Abstract
Equations are presented for the evolution of isobaric shear and curvature vorticity and for isentropic shear and curvature potential vorticity in natural (streamline-following) coordinates, in the case of adiabatic, frictionless flow. In isobaric coordinates, two terms of equal magnitude and opposite sign arise in the respective tendency equations for shear and curvature vorticity; these terms represent conversions between shear and curvature vorticity in the sense that their sum does not alter the total tendency of absolute vorticity. In isentropic coordinates, only the conversion terms remain in the tendency equations for shear and curvature potential vorticity, consistent with potential-vorticity conservation. The vorticity and potential-vorticity conversions arise from (i) along-stream variations in wind speed in the presence of Lagrangian changes in wind direction and (ii) flow-normal gradients of Lagrangian changes in wind speed. The assumption of horizontal nondivergence simplifies the interpretation of the vorticity-interchange process by relating the conversion terms directly to flow curvature. Schematics are developed in order to illustrate the conversion terms in idealized representations of jet-entrance and jet-exit regions and curved flow patterns; these schematics provide the basis for understanding vorticity interchanges in realistic flow regimes.
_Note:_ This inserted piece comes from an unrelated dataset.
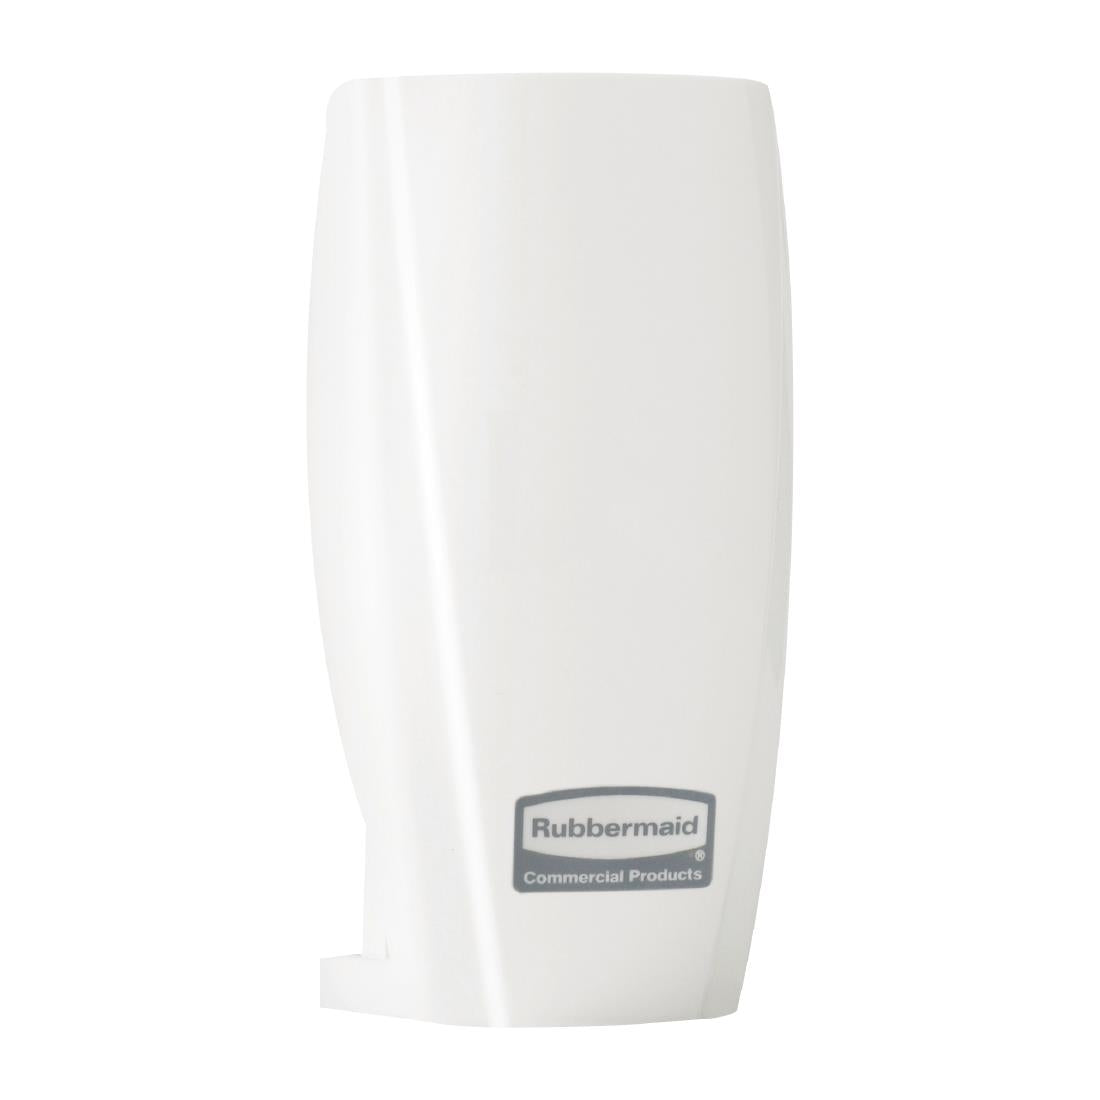 FT576 Rubbermaid TCell 1.0 Air Freshener Dispenser White JD Catering Equipment Solutions Ltd
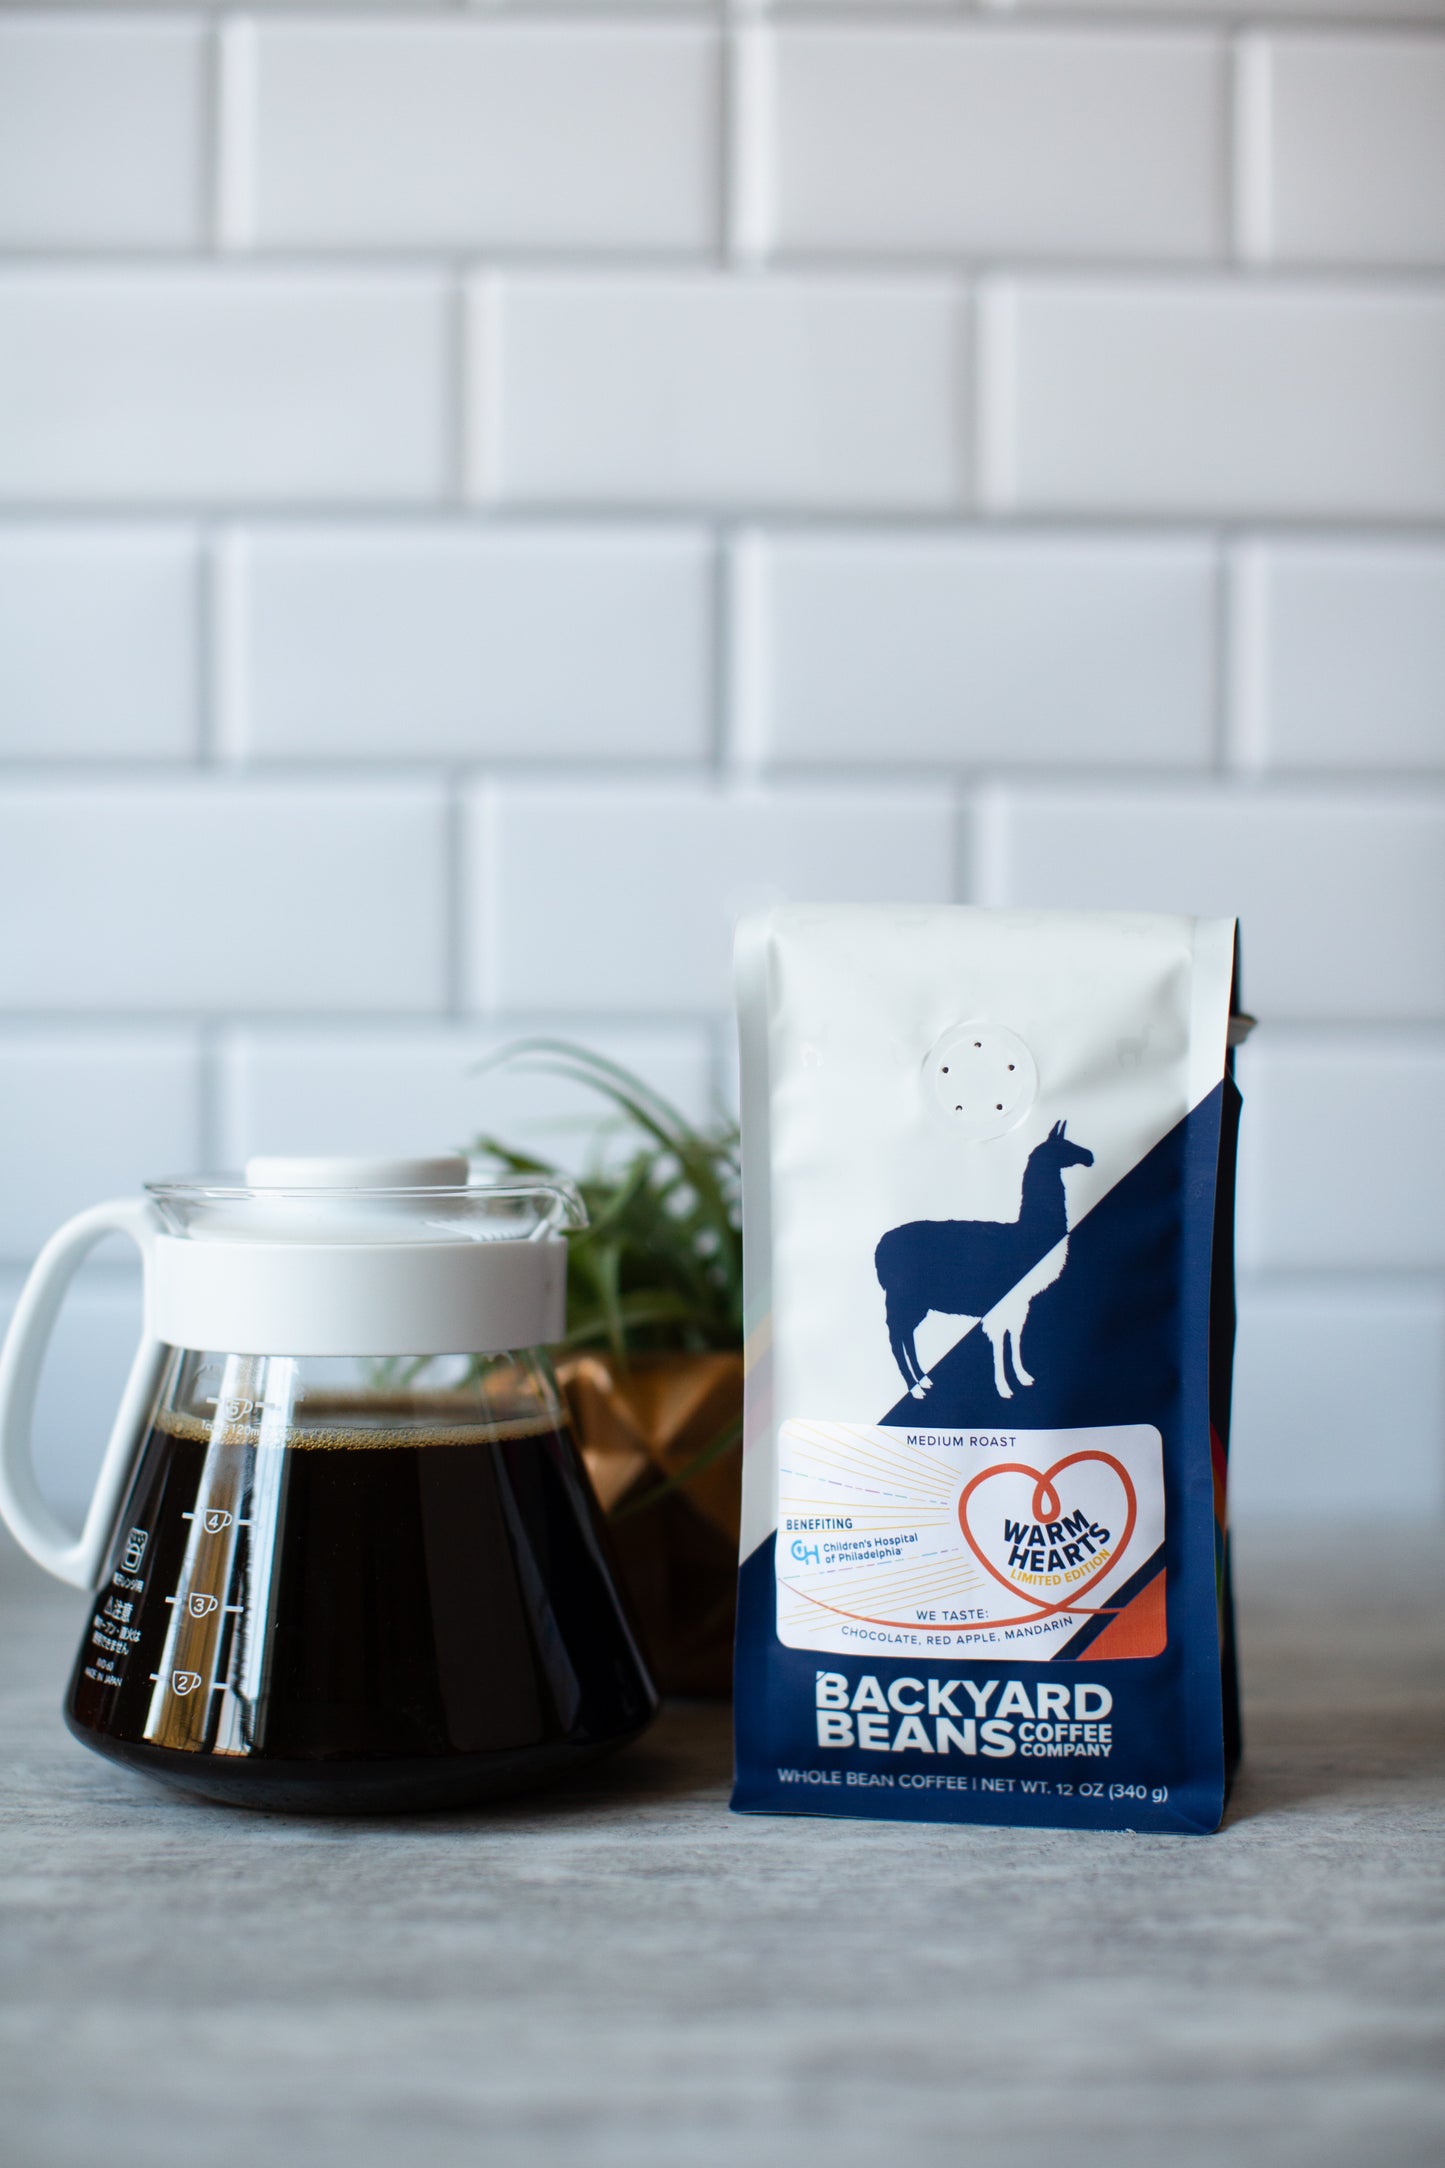 Image of coffee brewed next to Warm Hearts coffee bag.

The evolution of the midtropospheric shear- and curvature-potential-vorticity fields is described for a jet- trough interaction event in northwesterly flow, leading to the formation of a well-defined midtropospheric cutoff cyclone over the eastern United States between [8 and 20 January 1986. This time period coincides with the first intensive observing period of the Genesis of Atlantic Lows Experiment. Major midtropospheric cyclogenesis begins as a jet embedded in northwesterly flow, identified as a maximum of cyclonic shear potential vorticity, propagates toward the base of a diffluent trough, identified as a maximum of cyclonic curvature potential vorticity. The potential-vorticity tendency equations reveal that for this particular stage, the interchange terms contribute both to the amplification of the trough and to the formation of a maximum of cyclonic shear potential vorticity on the downstream side of the trough. The potential-vorticity interchange process is shown to play a key role in transforming the asymmetric configuration of shear and curvature potential vorticity characteristic of the diffluent trough stage, where the cyclonic shear maximum lags the cyclonic curvature maximum, to the relatively symmetric configuration characteristic of the cutoff stage. At the culmination of the cutoff stage, the shear- and curvature-potential-vorticity maxima overlap substantially. This overlap is a consequence of the presence of a single, cyclonically curved jet within the base of the cutoff cyclone.
A second important structural change occurring during midtropospheric cyclogenesis is the transformation of the potential-vorticity anomaly corresponding to the cutoff cyclone into a circularly symmetric configuration, which is accomplished by the contraction of the northwestern extension of the potential-vorticity anomaly toward the cyclone center. This contraction process, which is shown to involve significant interchanges between shear and curvature potential vorticity, results in the detachment of the potential-vorticity anomaly from the “stratospheric reservoir” of potential vorticity located north of the cyclone.